Interestingly, endogenous levels of STAT4 protein decreased following stimulation of

primary human NK or NK-92 cells with IL-12 and IL-18, in parallel with Hlx induction

(Figure 14A). We therefore hypothesized that Hlx may affect the levels of STAT4 in NK

cells, thereby inhibiting IFN-γ mRNA synthesis. We investigated the levels of total

STAT4 and Y693 pSTAT4 protein in NK-92 cells transduced with Hlx or empty vector,

following stimulation with IL-12 and IL-18 (Figure 14B). PINCO-Hlx infected cells

initially expressed equal or even greater levels of Y693 pSTAT4 than PINCO control

cells. However, Y693 pSTAT4 levels were not maintained at later time-points (12 hr and onward) in PINCO-Hlx infected cells, and the entire pool of STAT4 protein was - 66 - significantly reduced as well. We also found that retroviral expression of Hlx in primary

NK reduced the proportion of Y693 pSTAT4(+) cells following IL-12 and IL-18 treatment (Figure 14C; n = 5 independent experiments; p = 0.0045).

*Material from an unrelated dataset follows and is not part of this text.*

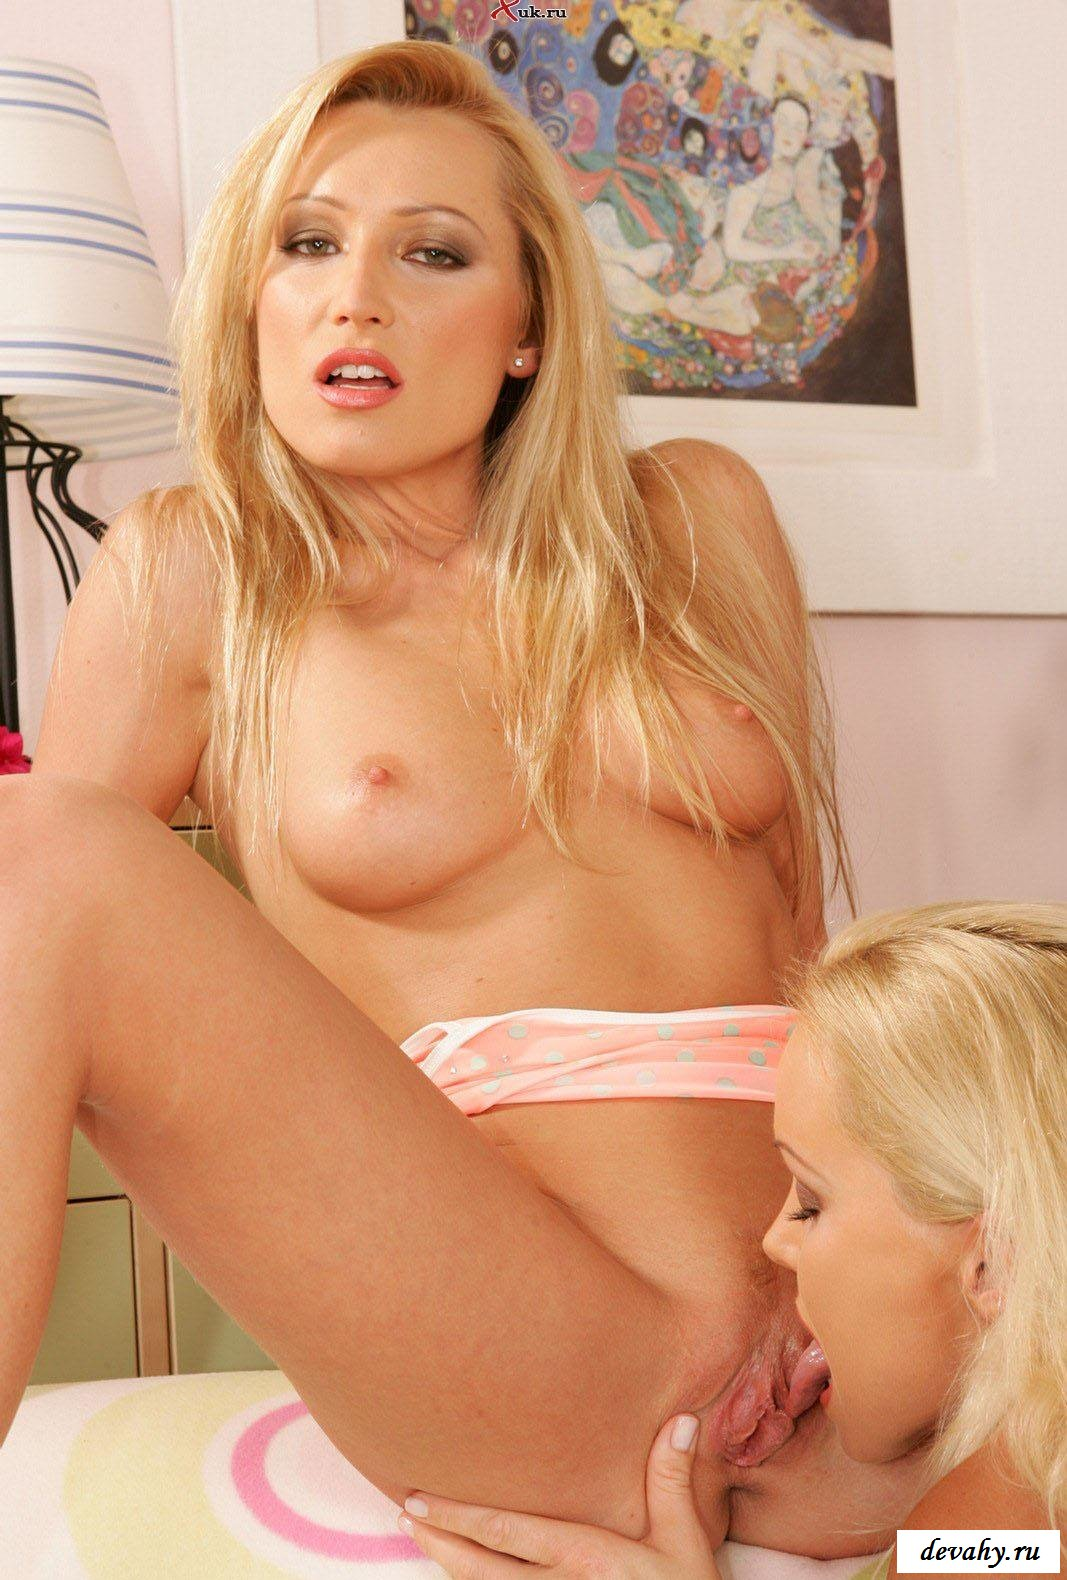 Блондиночки жадно целуются

This reduction in total STAT4 protein levels led us to test whether Hlx expression is associated with a decrease in STAT4 mRNA; however, no difference in STAT4 transcript levels was observed in Hlx and vector infected NK-92 cells during time-course experiments in IL-12 and IL-18 (n=4 experiments; data not shown). Y693 pSTAT4 has been shown to undergo proteasome-dependent degradation in T lymphocytes following

IL-12 treatment(90-92). We therefore attempted to reverse the loss of Y693 pSTAT4 protein through the application of MG-132, an inhibitor of the 26S proteasome subunit.

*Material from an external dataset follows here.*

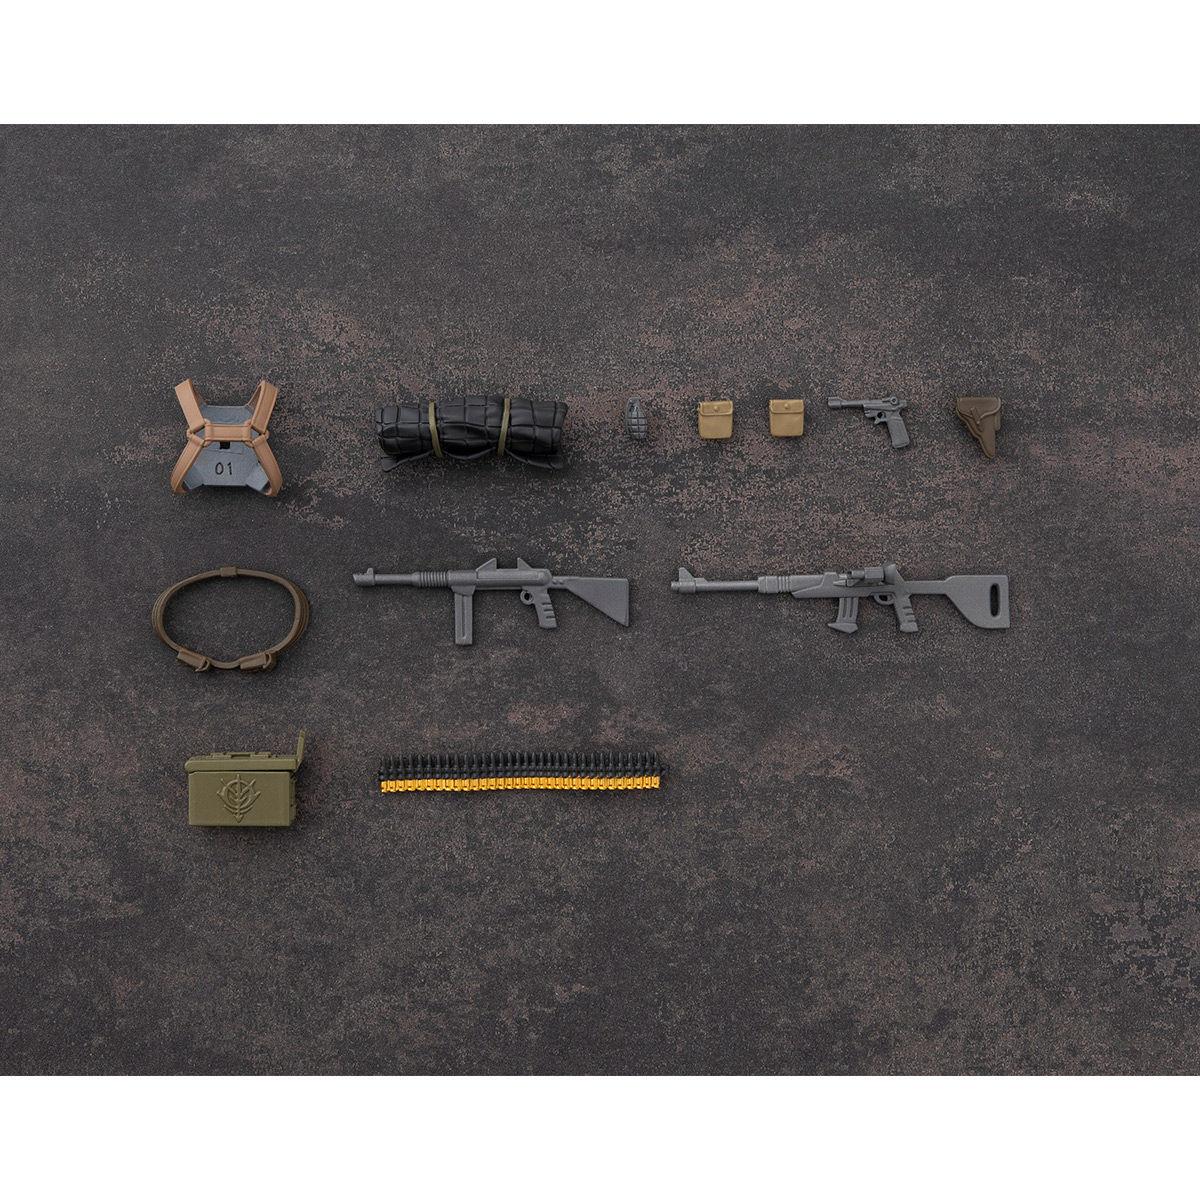 G.M.G. ガンダムミリタリージェネレーション『ジオン公国軍一般兵士01』1/18 可動フィギュア-007

Indeed, MG-132 rescued the loss of Y693 pSTAT4 following treatment of Hlx expressing NK-92 cells with IL-12 and IL-18 (Figure 14D). Similar results were obtained using additional proteasome inhibitors, epoxomicin and lactacystin (Figure

14E). The simplest interpretation of this experiment is that Hlx promotes the proteasomal degradation of polyubiquitylated Y693 pSTAT4. This is consistent with the proteasome dependent loss of Y693 pSTAT4 protein in T cells following IL-12 treatment(90-92).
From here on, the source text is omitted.